___ GIVEN DATA

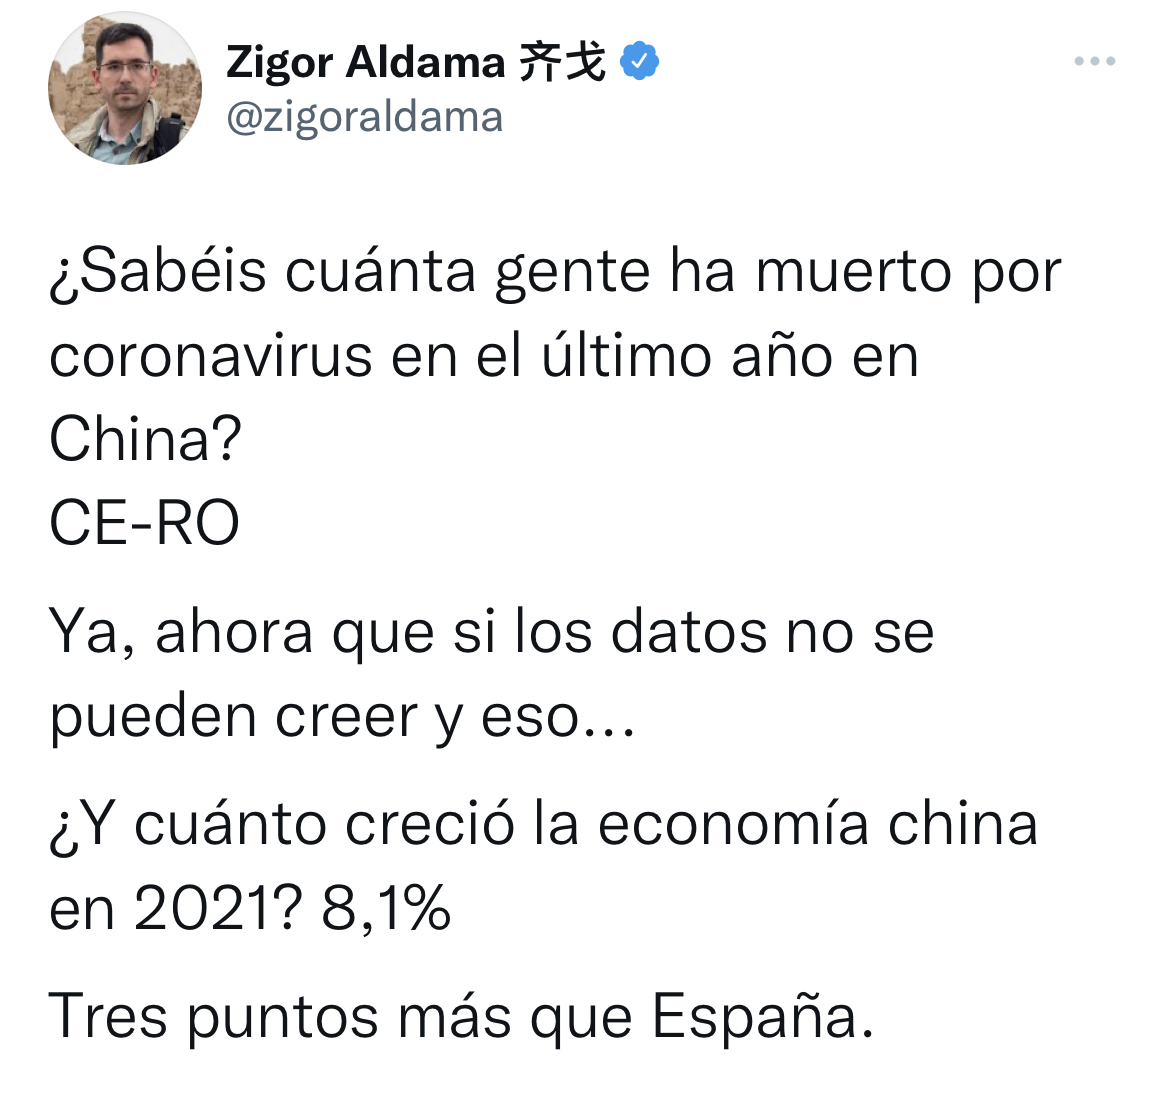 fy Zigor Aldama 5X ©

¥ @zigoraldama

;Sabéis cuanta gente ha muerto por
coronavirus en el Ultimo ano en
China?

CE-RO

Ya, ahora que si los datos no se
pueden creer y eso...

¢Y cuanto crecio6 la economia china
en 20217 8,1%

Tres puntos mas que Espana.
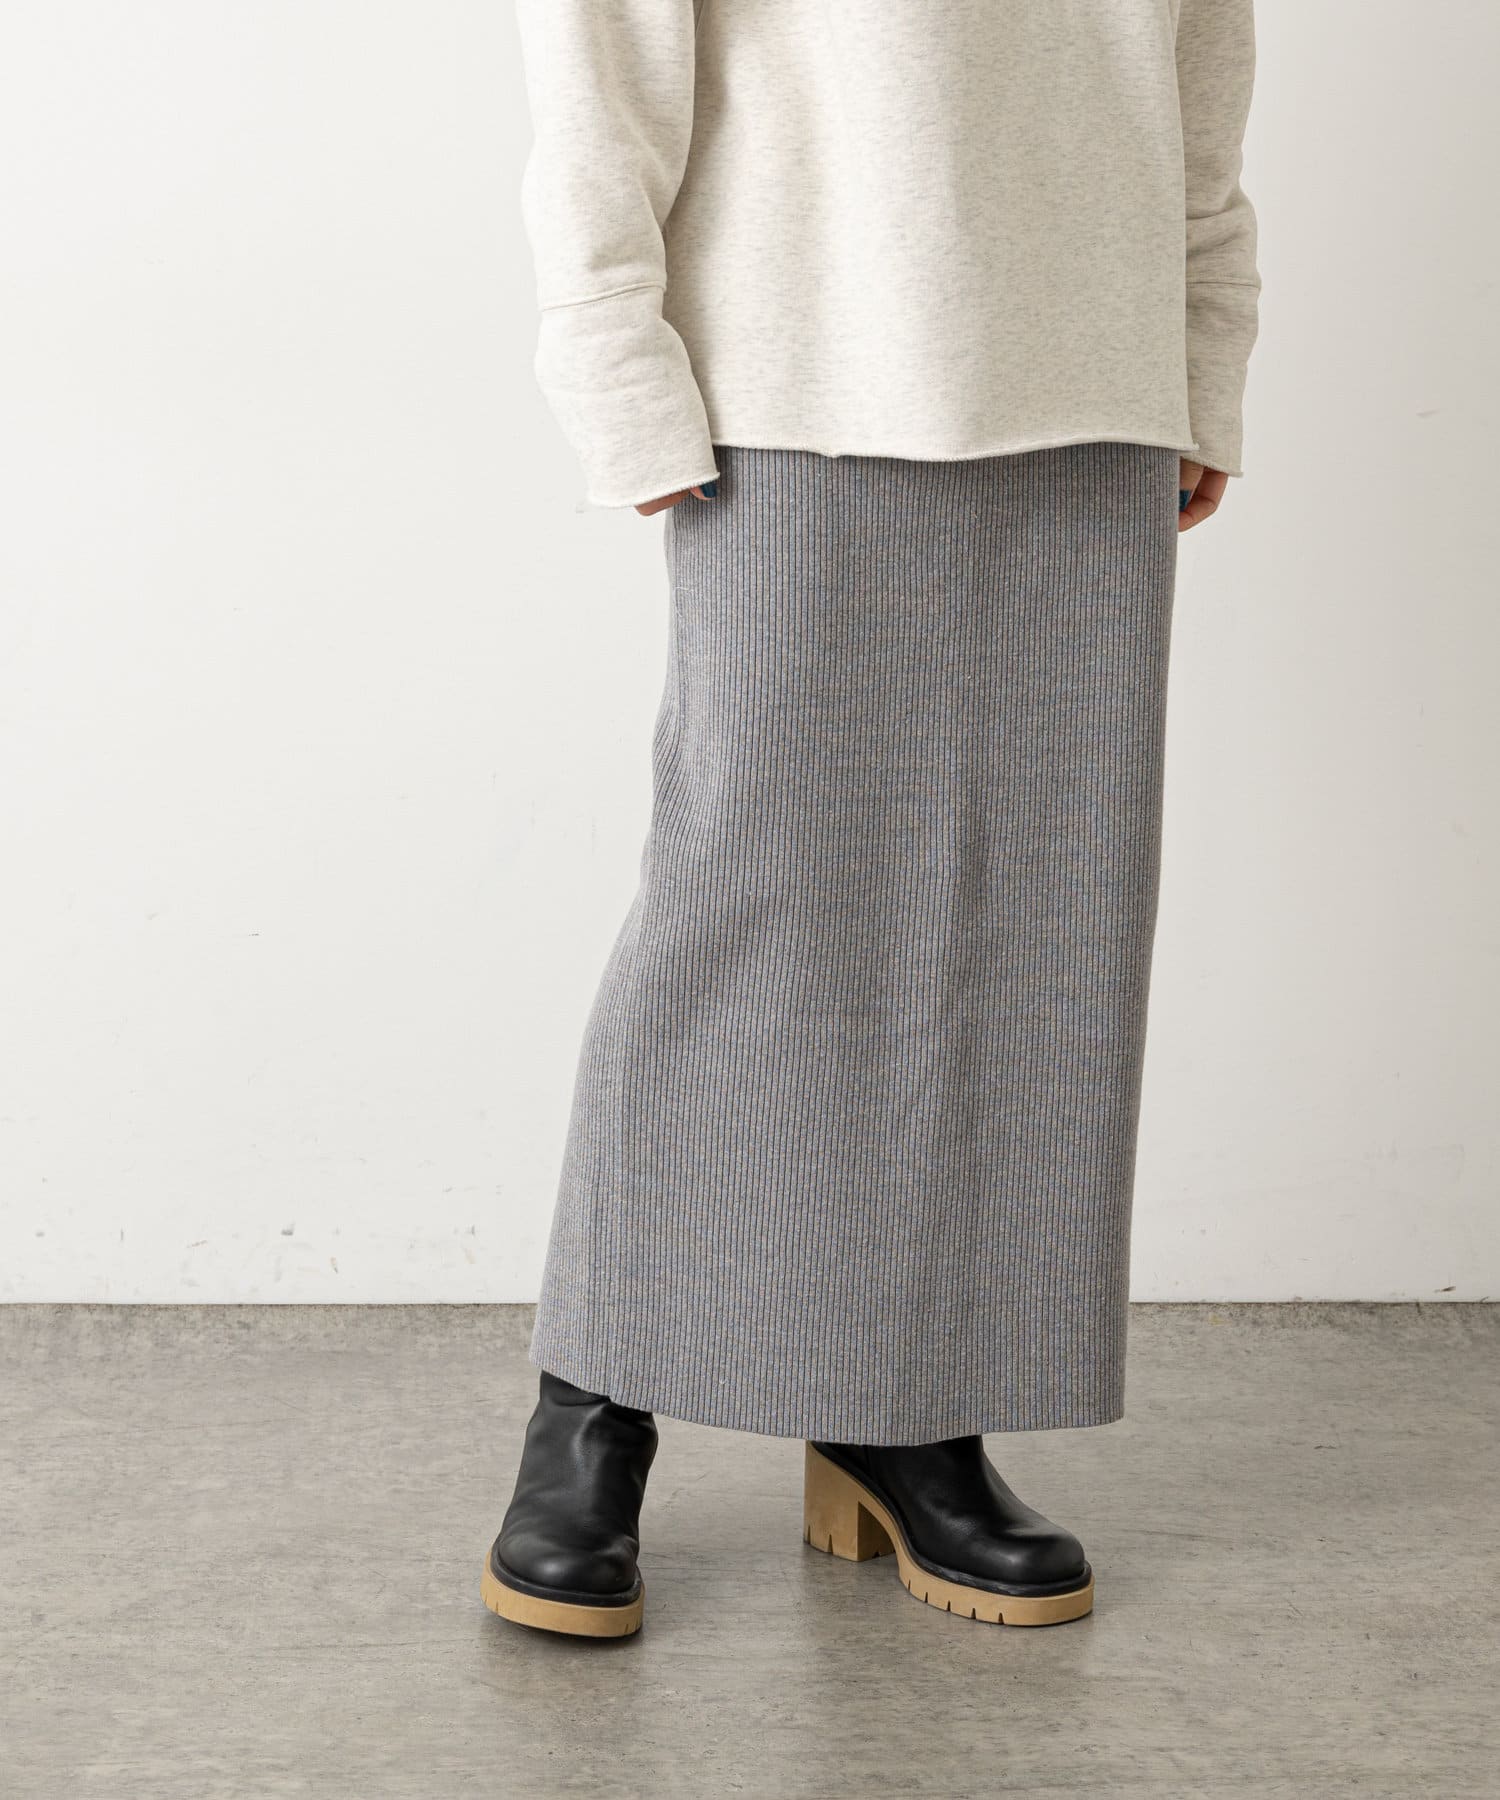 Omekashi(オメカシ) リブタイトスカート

______

» **WHAT THE TASK ASKS**: Give the records again exactly as they stand, so that only the pictures are missing.

» **TASK RESPONSE**:
 fy Zigor Aldama 5X ©

¥ @zigoraldama

;Sabéis cuanta gente ha muerto por
coronavirus en el Ultimo ano en
China?

CE-RO

Ya, ahora que si los datos no se
pueden creer y eso...

¢Y cuanto crecio6 la economia china
en 20217 8,1%

Tres puntos mas que Espana.
 Omekashi(オメカシ) リブタイトスカート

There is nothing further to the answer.